Un segundo factor de extrañeza fue descubrir que estaba desnudo: aún no sabía quién era, pero sí que probablemente nunca en su vida había dormido sin calzoncillos, y desde luego casi nunca sin pijama. La desnudez sin duda tenía que ver con aquella especie de debilitamiento físico que le impedía levantarse, y que tenía mucho de abandono sensual a los placeres matinales del duermevela y la pereza, placeres que él, el Abengoa consciente que aún tardaría en tomar posesión de su organismo y de su persona física y mental un tiempo lento y difícil de medir en segundos o minutos, ni siquiera había imaginado hasta entonces.

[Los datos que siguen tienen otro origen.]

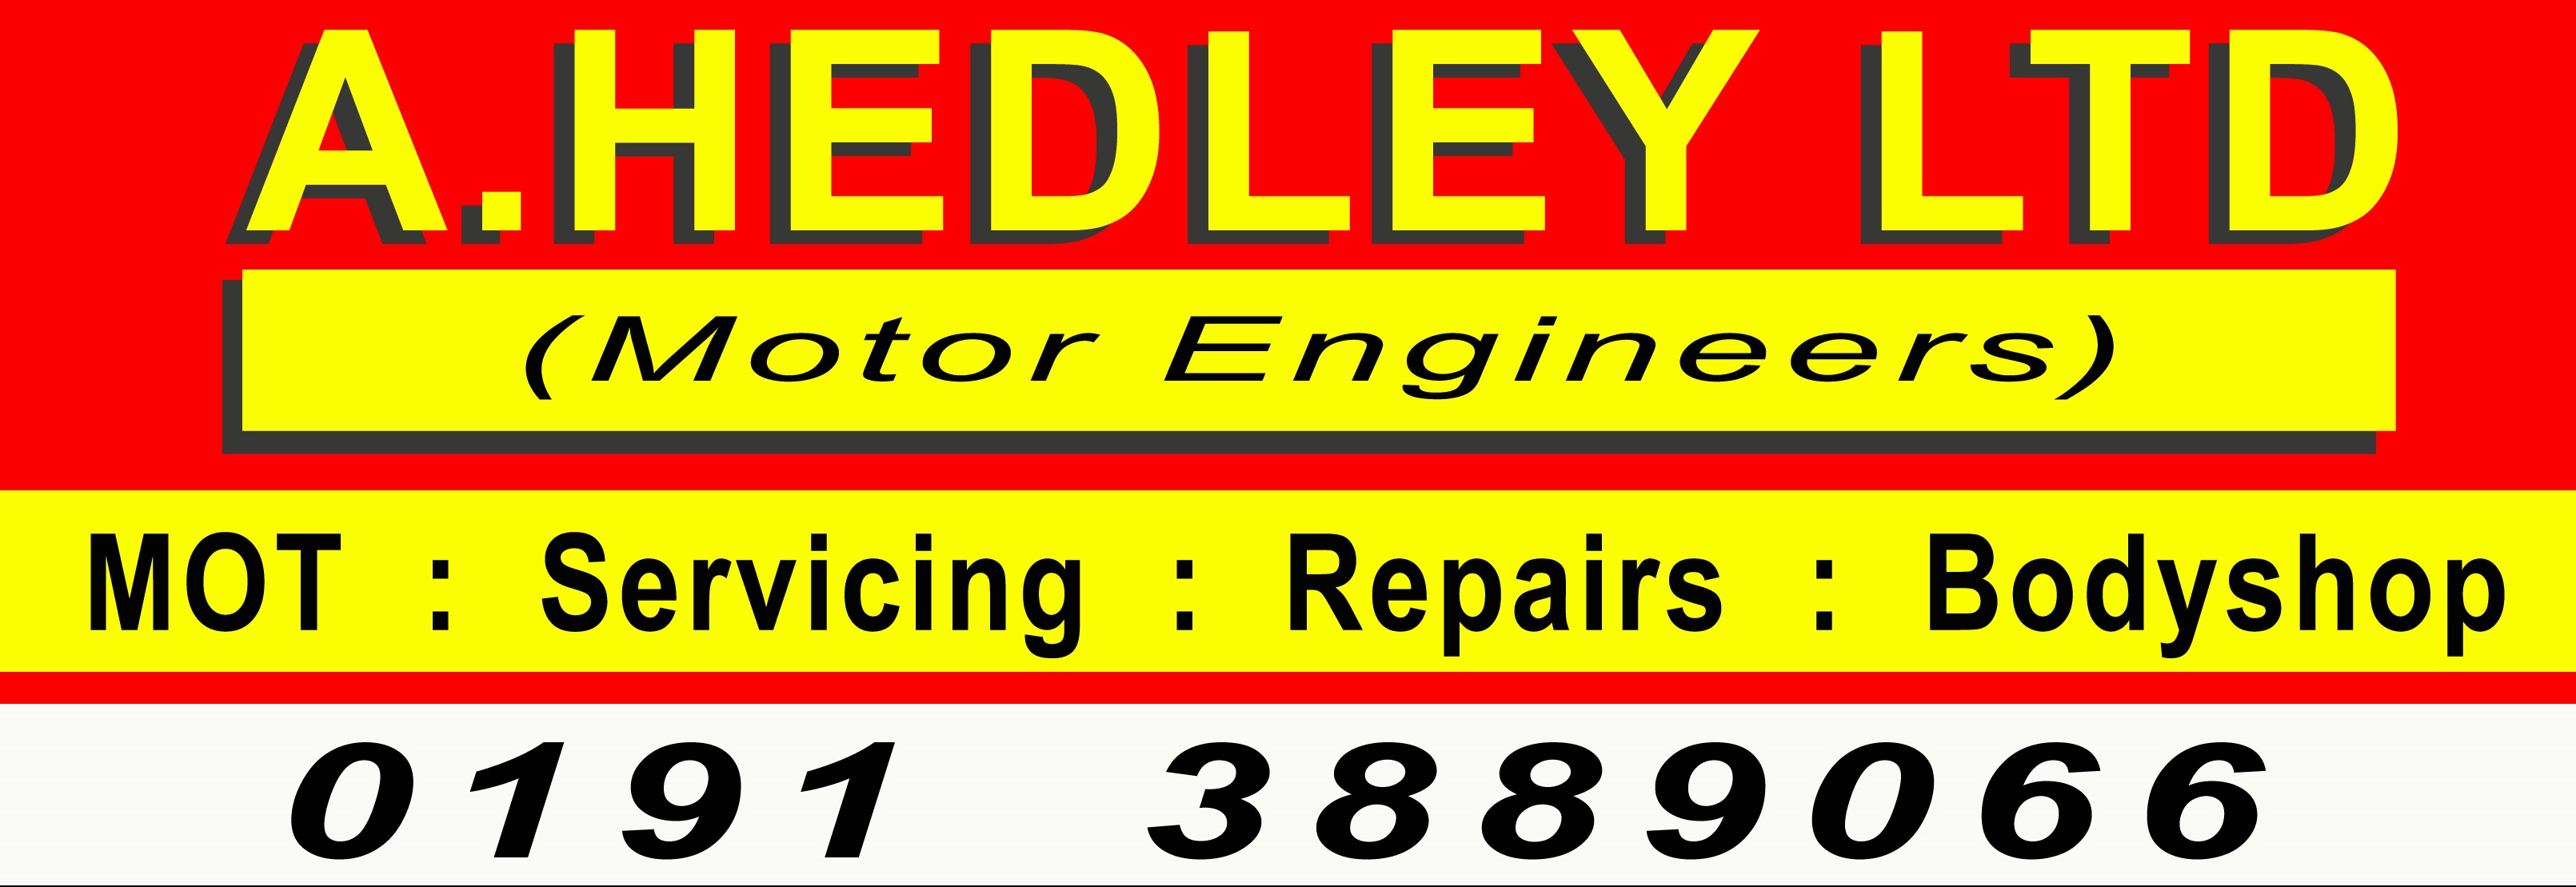 A HEDLEY (MOTOR ENGINEERS) LTD | CHESTER LE STREET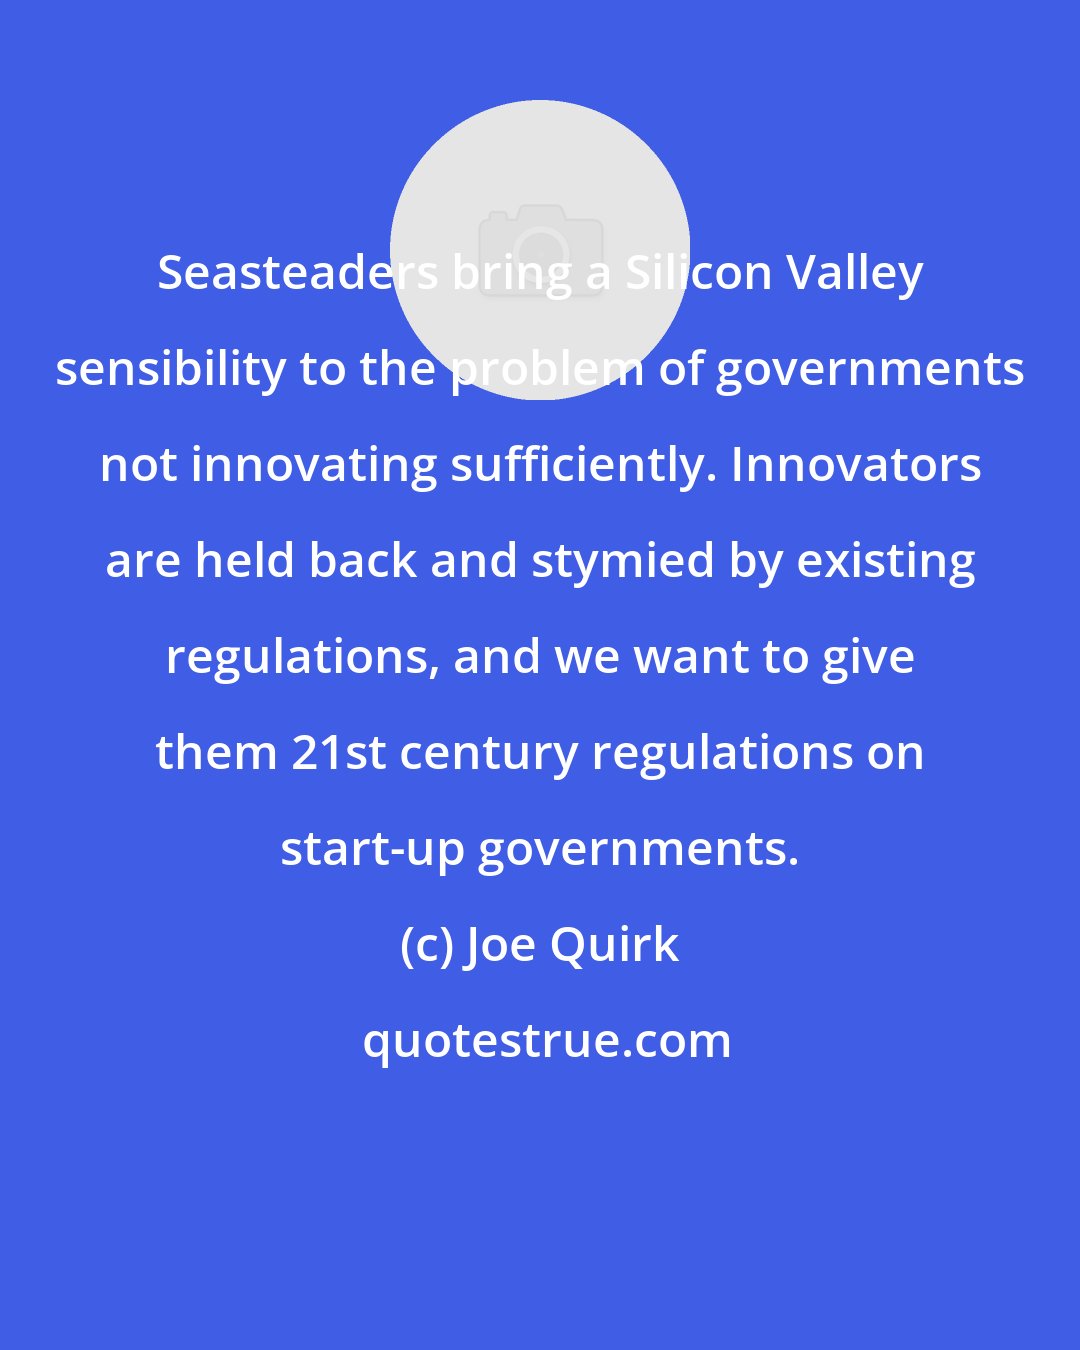 Joe Quirk: Seasteaders bring a Silicon Valley sensibility to the problem of governments not innovating sufficiently. Innovators are held back and stymied by existing regulations, and we want to give them 21st century regulations on start-up governments.

Se volvió de lado, encogiendo las rodillas como para dormirse de nuevo, y vio sobre la mesa de noche la foto en blanco y negro de unos novios sonrientes, él de chaqué y pelo engominado, ella rubia y con una sonrisa ancha como una carcajada: por un momento cobró fuerza, me dijo, con su debilidad por los giros de sonido técnico, «la hipótesis Niágara». Parecía que la foto hubiera sido tomada mucho tiempo atrás, pero la cara de la mujer tuvo la virtud de despertarle por fin la memoria de la noche inmediata: con un estremecimiento debilitador de placer físico reconoció en la mujer de la foto a Carlota Fainberg, y al reconocerla también le vino a la memoria su nombre y cada uno de los pormenores de una noche que le parecía como sucedida fuera del espacio y del tiempo. En ese alud de conciencia recobrada le llegó también, muy al final, su propio nombre, su viaje a Buenos Aires, la decadencia y el enigma del hotel Town Hall, en cuya suite nupcial, recapacitó con orgullo, aunque no sin alarma, se había acostado con la mujer del recepcionista jefe: ya despierto, la inteligencia práctica de Abengoa funcionaba a su velocidad de siempre, y en un segundo había comparado la cara masculina de la foto con la del individuo pálido y hosco que le había atendido la mañana anterior en el mostrador de recepción. Retrospectivamente comprendía su cara de vinagre, su lividez hepática: tan mayor para ese puesto mediocre y para esa mujer espectacular, tan acabado profesionalmente.